## INFORMATION SUPPLIED:
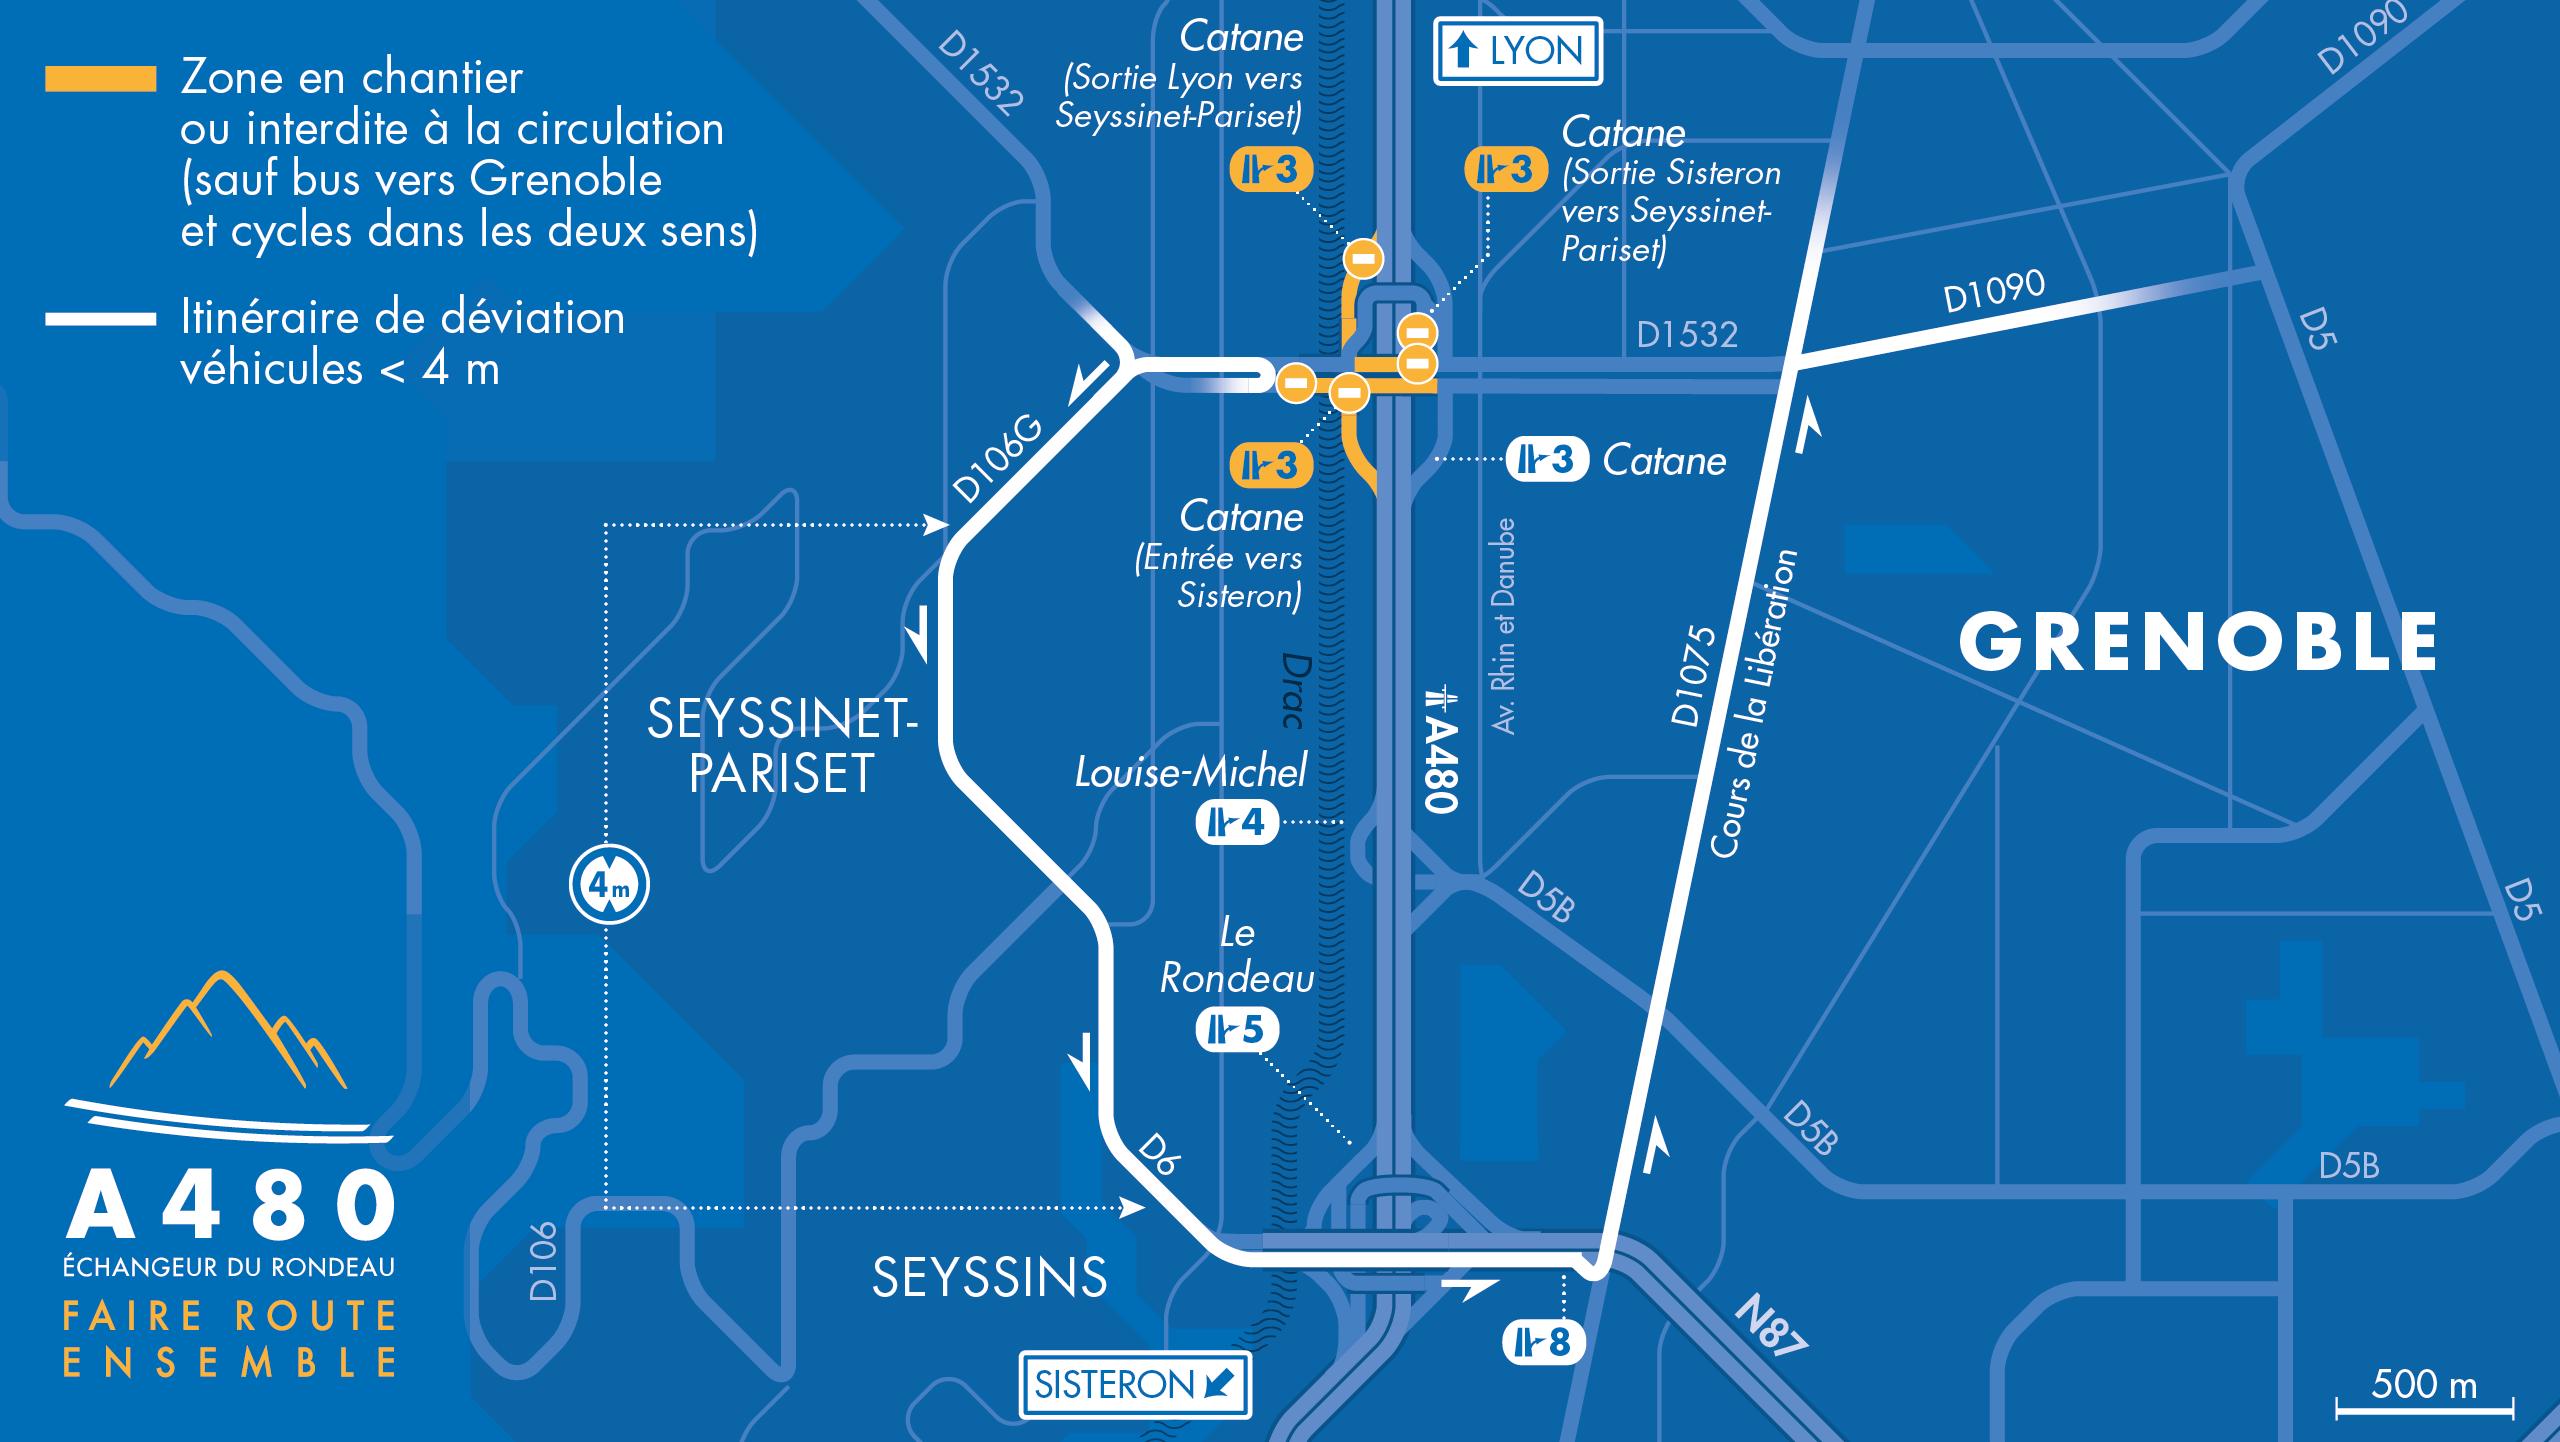 carte des déviations pour les véhicules légers depuis Seyssinet-Pariset vers Grenoble
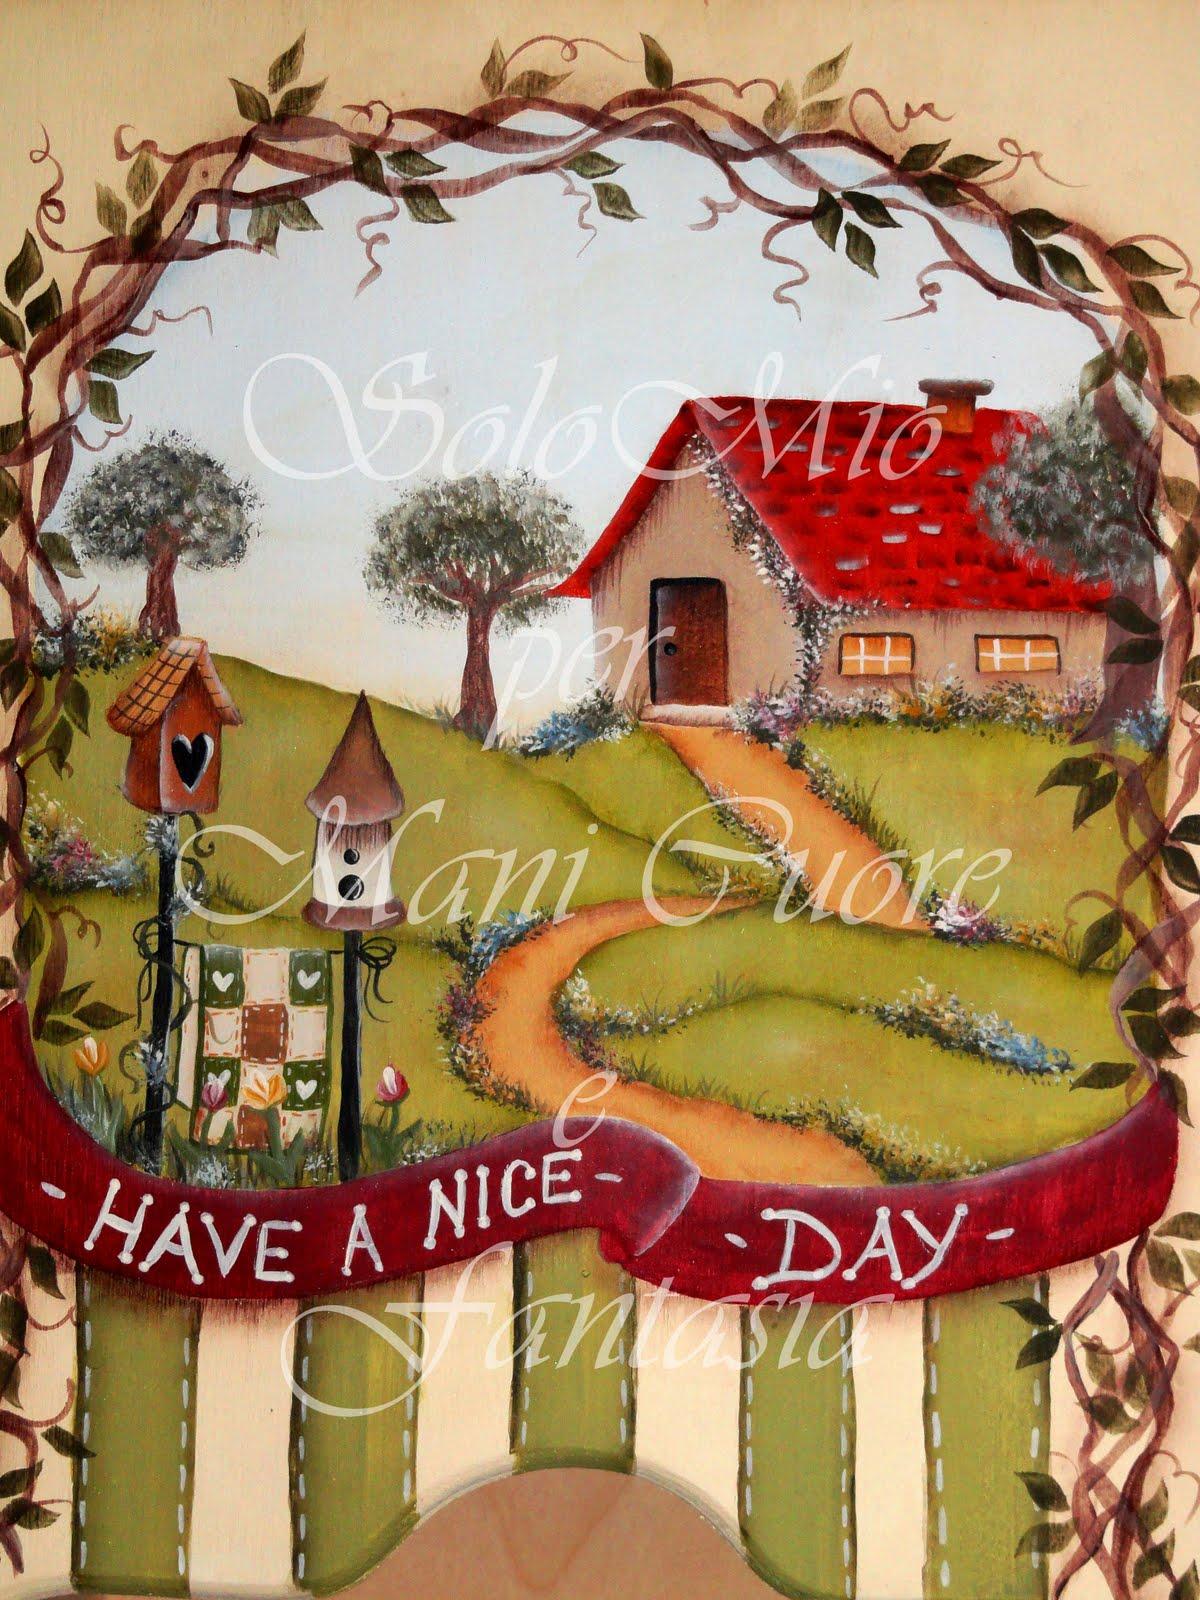 Mani cuore fantasia febbraio 2011 for Amazon oggetti per la casa
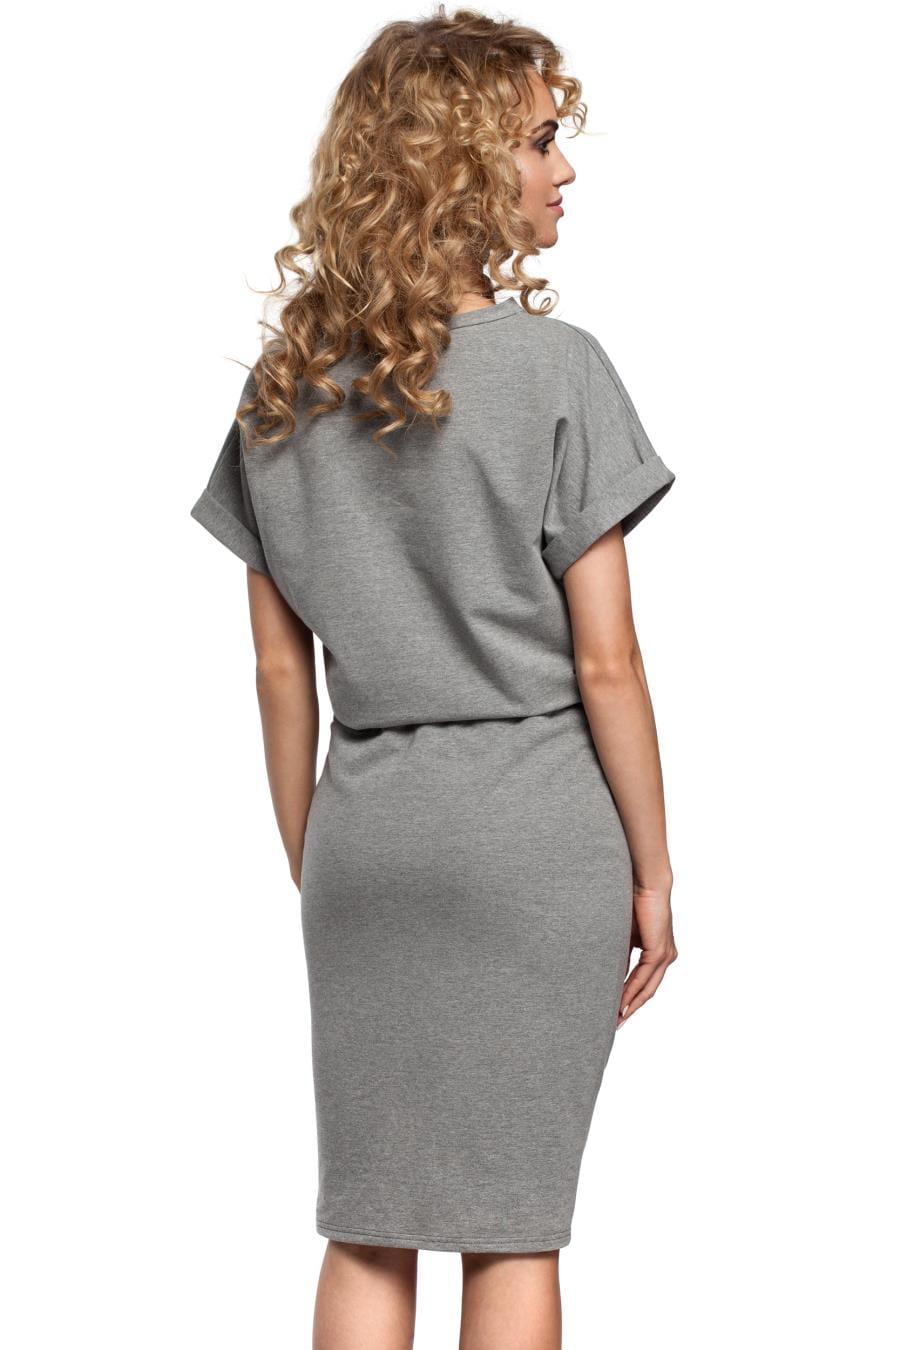 573804162f Bawełniana Sukienka Szara MO284 BESIMA.pl
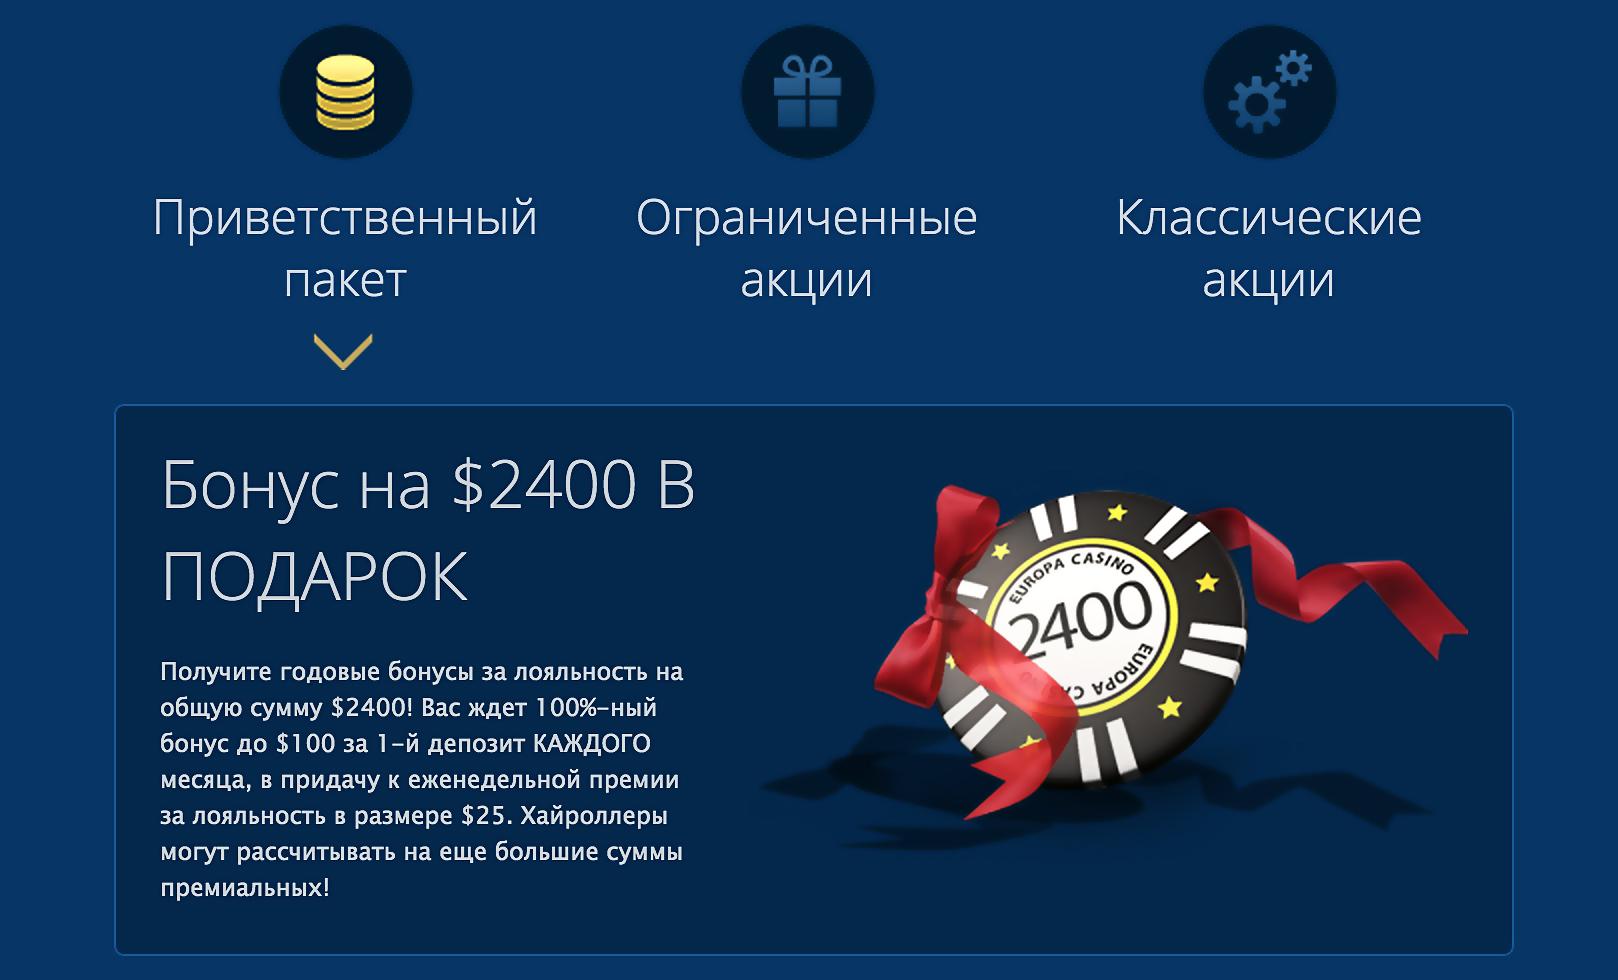 Казино онлайн бонус за депозит 2016 найти играть казино

## WHAT YOU ARE ASKED TO DO:
Drop the pictures and set down the data above exactly.

## YOUR RESPONSE:
 carte des déviations pour les véhicules légers depuis Seyssinet-Pariset vers Grenoble
 Mani cuore fantasia febbraio 2011 for Amazon oggetti per la casa
 573804162f Bawełniana Sukienka Szara MO284 BESIMA.pl
 Казино онлайн бонус за депозит 2016 найти играть казино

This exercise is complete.